Importantly, KeLP does not present too different an interface for the
applications programmer. A few new objects have been created
(FloorPlan, MotionPlan, Mover
), but the old objects
(Point, Region, Grid, XArray
) remain, and the API is
quite familiar. The major differences, involving the use of
MotionPlan
s and Mover
s to perform
communication in KeLP, will tend to be localized to specific routines,
and the high-level block-copy-on-intersection method of specifying
communication patterns remains as a cornerstone of the environment.
KeLP is accompanied by a finite-difference API, or it can be used as a substrate for the development of other problem-specific APIs. But KeLP, like LPARX, uses preprocessors and macro substitution to enable the use of different data types and dimensionalities, in lieu of C++ templates. I feel that a general-purpose API for finite-difference methods needs to allow flexibly for the creation of grids of different objects, and the preprocessor approach currently in place is rather limiting in that regard. So I have been working to develop a templatized overlayer to sit on top of KeLP. This has involved defining template classes, which - for specific dimensionalities and datatypes - derive from the concrete classes that KeLP defines. Parts of this have been easy and straightforward, while other parts have been painful and (as yet) unsuccessful, partly (I suspect) because the software was not designed to be extended in such a manner.
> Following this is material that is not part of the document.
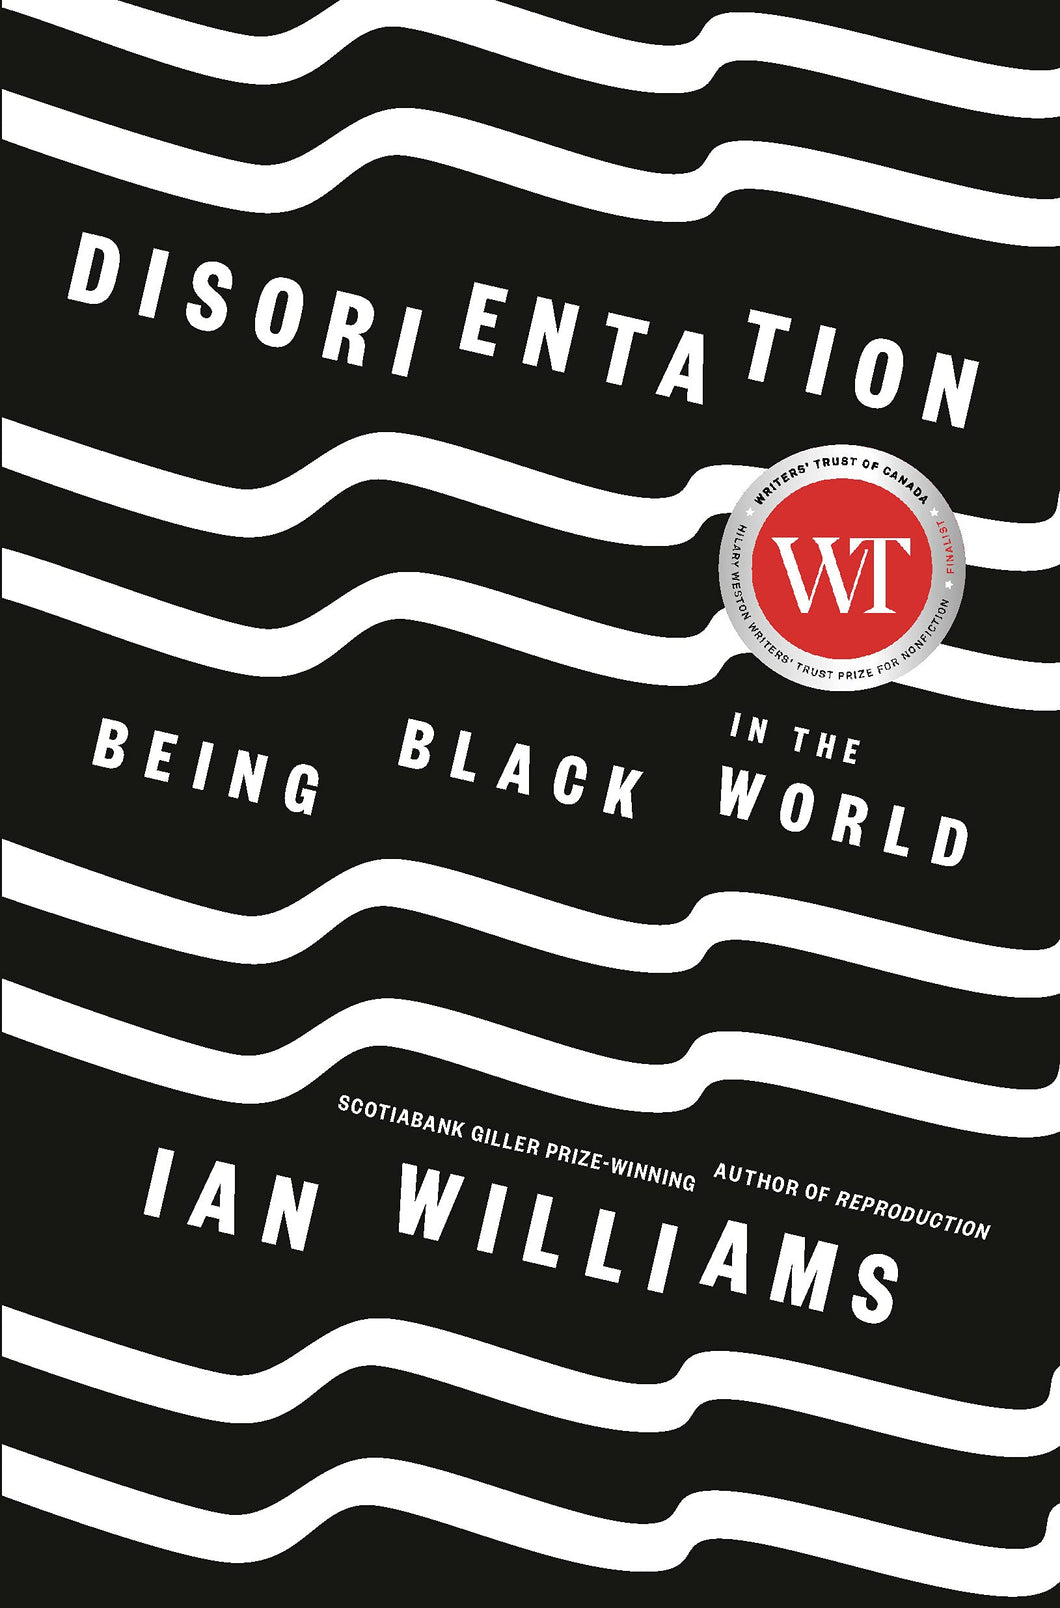 Disorientation: Being Black in the World [Ian Williams]

Why would such an infrastructure be useful? As an example, explicit and implicit time-stepping schemes are not conceptually so different, but their implementations are vastly different, the latter involving the solution of a coupled set of (possibly nonlinear) equations, which can be nontrivial on a distributed memory computer. Furthermore, different implicit schemes may require alternative solution methods: for example, the optimal algorithm may depend dramatically on the range of a spatial derivative operator. I envision, therefore, that one be able specify the details of the finite-difference approximations and time-stepping schemes in terms of objects such as stencils and molecules, without having to work through the algebraic consequences of such approximations prior to coding. A system of equations will be generated (and solved) using such information. This obviously requires the definition of an object describing a system of equations which can interface (at a lower level) with a number of different solvers; the potential for interoperability with existing libraries such as IML++ and ScaLAPACK certainly exists here, although I have not explored such avenues in any detail.
There are performance considerations that must be dealt with in such a system. My stencil object would allow one to specify, for example, a finite-difference Laplacian operator (to a given order of accuracy) in the same manner that one would describe the stencil for that operator. Queries to the stencil object would provide the numerical coefficients required to calculate the Laplacian. Unfortunately, this type of query is likely to be buried in an inner loop, and accessing the stencil elements will impose a greater overhead than would arise in the case where the stencil coefficients are hard-coded into the subroutine. Whether or not such a general-purpose stencil can be efficiently implemented remains to be seen. Perhaps a solution involving symbolic code generation (with hard-wired coefficients) will prove to be an effective compromise.